REPUBLIKA.CO.ID, JAYAPURA - Pemerintah Provinsi Papua mengaku merasa tidak dilibatkan dalam evaluasi PT Freeport Indonesia, khususnya dalam keputusan perpanjangan MoU hingga 6 bulan ke depan. Kepala Dinas Pertambangan dan Energi Provinsi Papua Bangun Manurung menyatakan bahwa selama ini evaluasi hanya sebatas pemerintah pusat.
"Yang dievaluasi adalah komitmen dan kemajuan persiapan PT Freeport untuk bangun smelter. Concern kami adalah bahwa smelter itu harus dibangun di Papua," jelas Bangun kepada Republika, Senin (26/1).
Perihal perpanjangan MoU ini, Bangun belum bisa memberikan komentar apakah hal ini memberikan dampak negatif atau positif bagi Papua, karena memang pihaknya tidak dilibatkan dalam penandatanganan MoU.
Di samping itu, Bangun juga menyatakan bahwa berdasarkan pertemuan terakhir yang dia hadiri bersama dengan Menteri ESDM dengan Wamenkeu dan Ketua BKPM pembangunan smelter di Gresik harus dibarengi dengan komitmen Papua untuk bangun smelter di Papua.

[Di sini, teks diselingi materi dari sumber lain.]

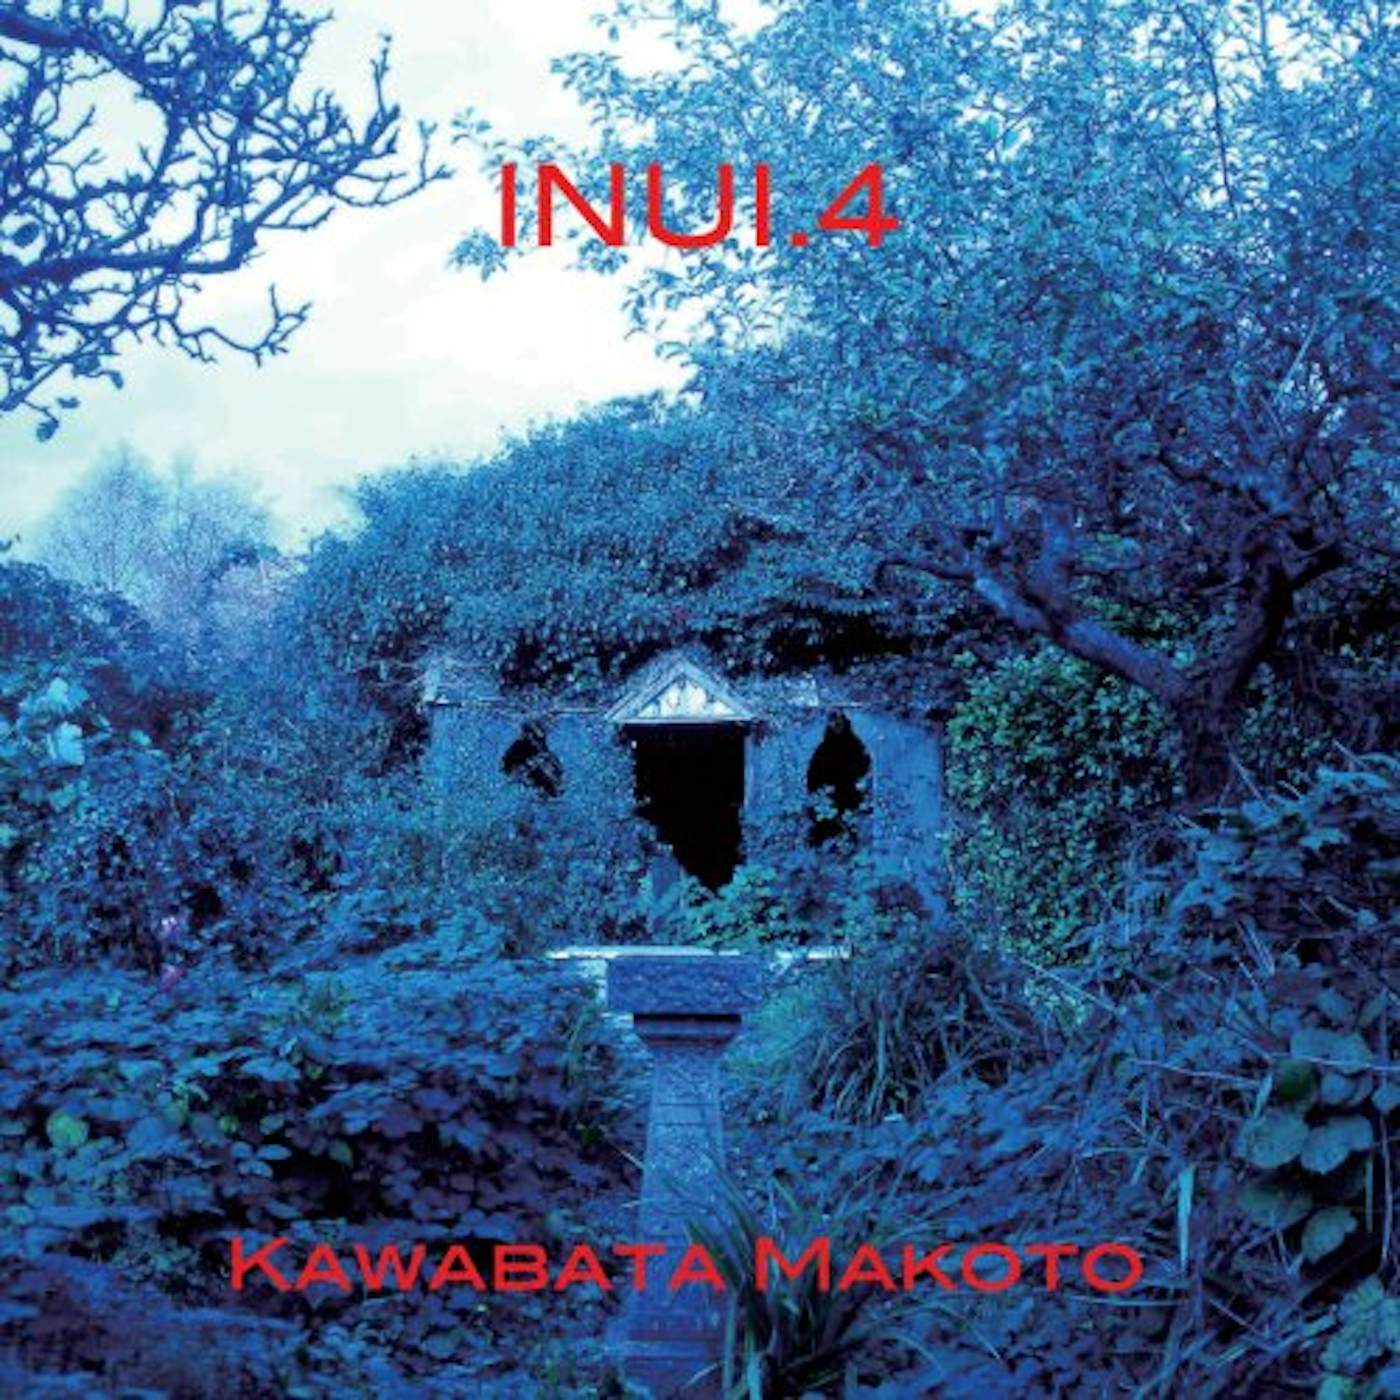 Kawabata Makoto INUI 4 CD
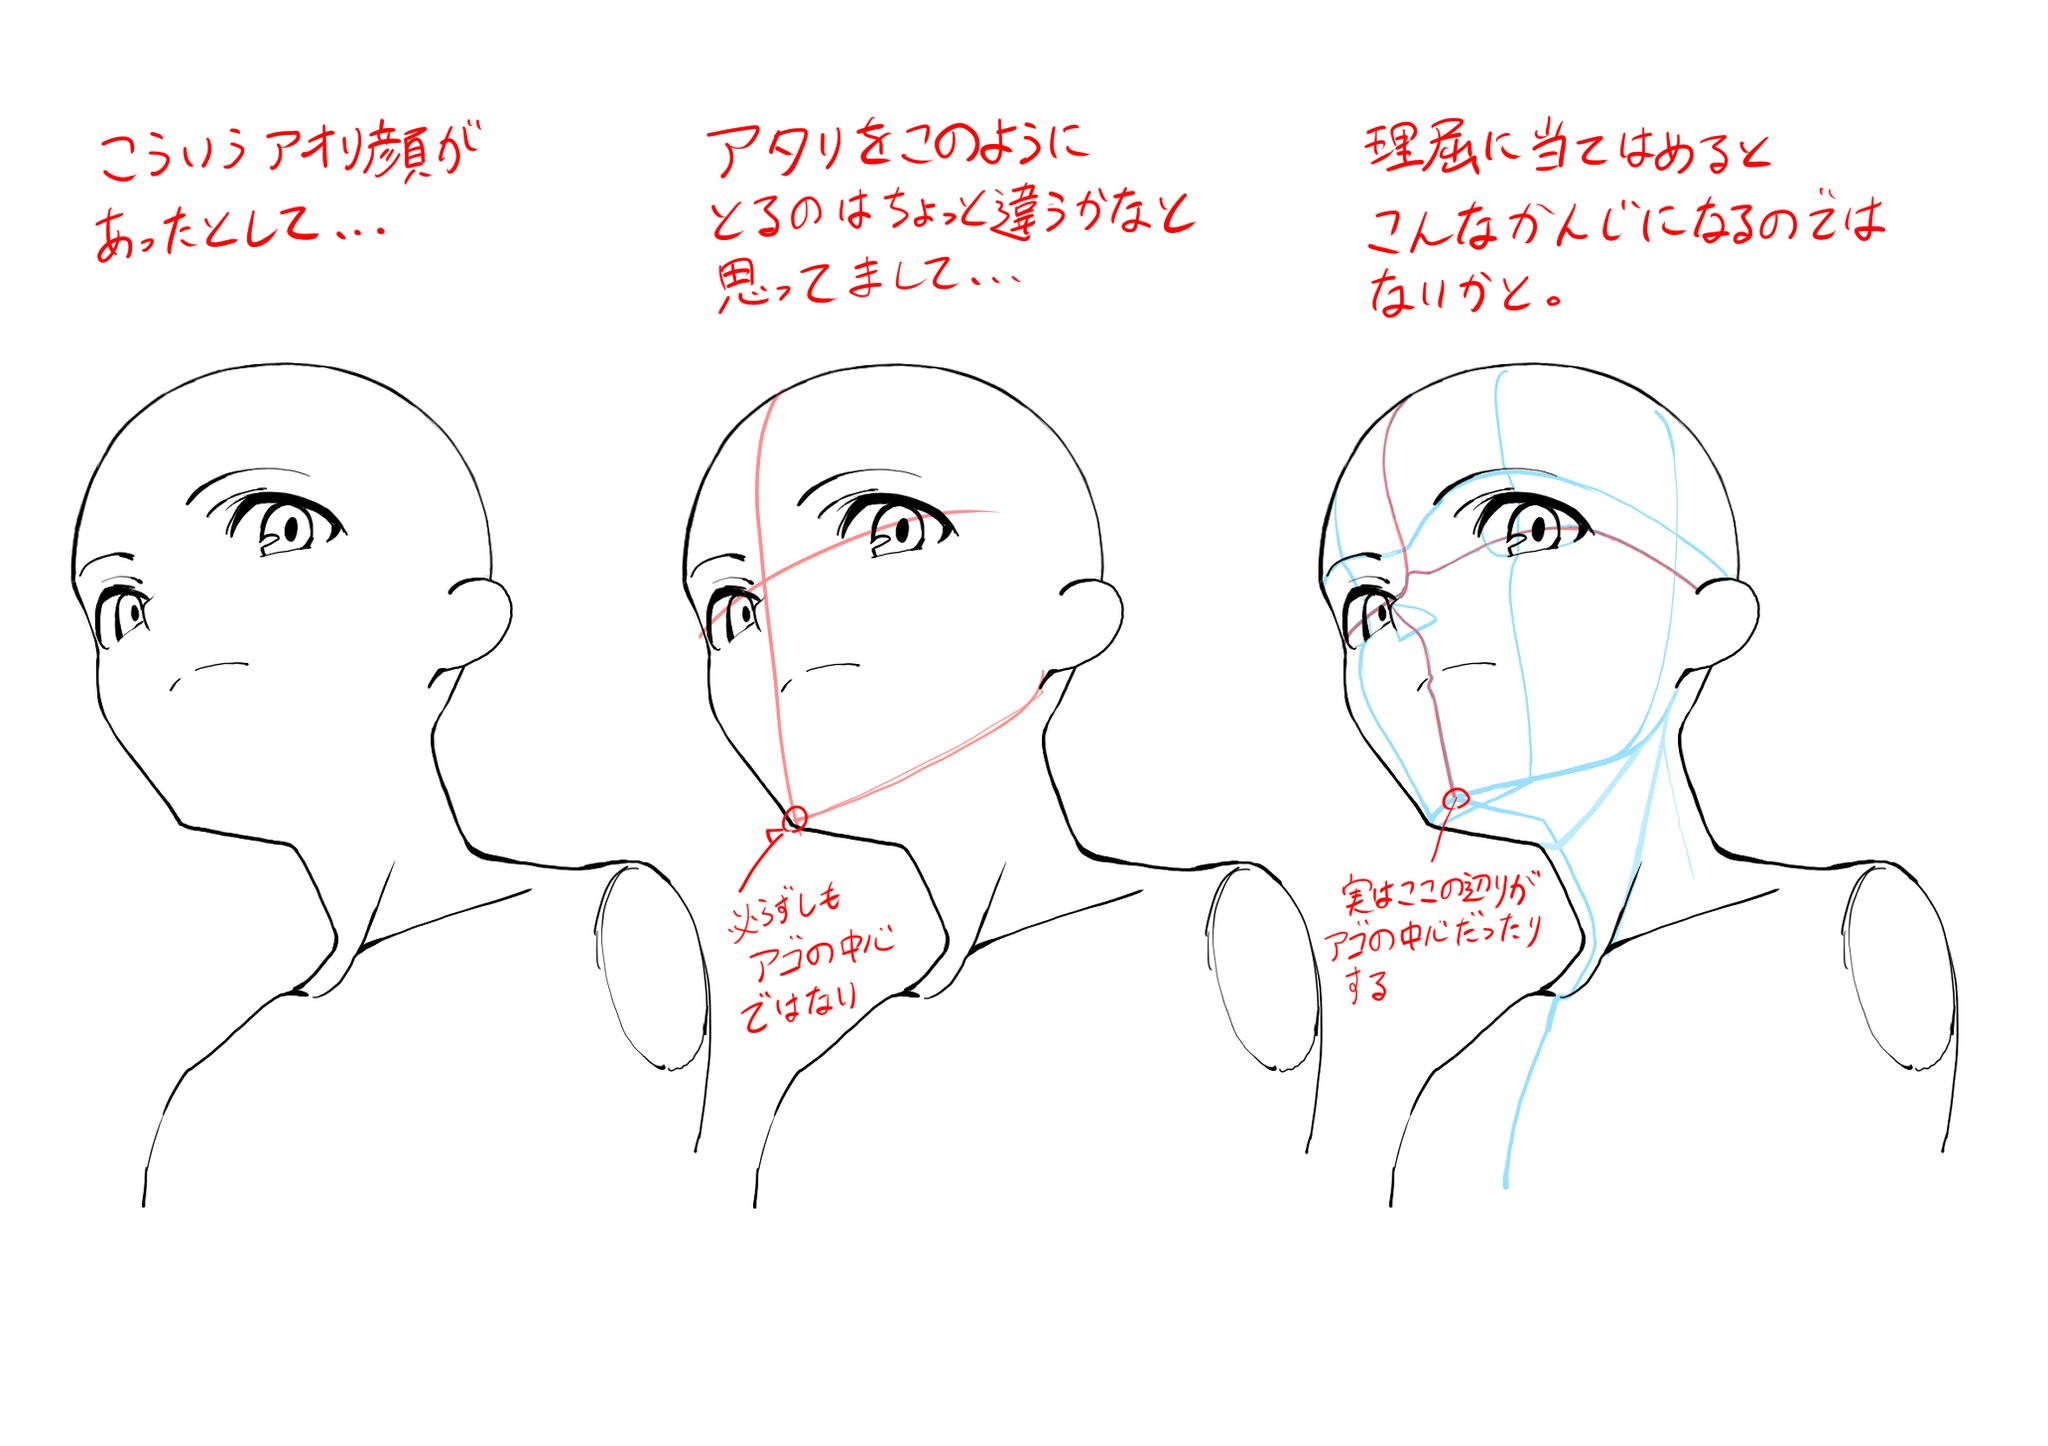 ஜ 夜嵐 Akatsuki Arashi ஜ Rt Atasom 僕が 個人的に アオリの顔を描くときに意識していることを図で描いてみました T Co Waokgowi6j Twitter

"Silahkan Freeport kembangkan smelter di Gresik asal tetap wajib bangun smelter di Papua. Jadi dengan perpanjangan ini semata-mata itu evaluasi dari kacamata pemerintah pusat," ujar Bangun.
Bangun mengatakan, Gubernur Papua sendiri sudah kerap kali menyerukan bahwa pembangunan smelter haruslah melibatkan rakyat Papua. Dalam hal ini diwakili oleh pemerintah maupun stakeholder dalam pertambangan tembaga di Timika.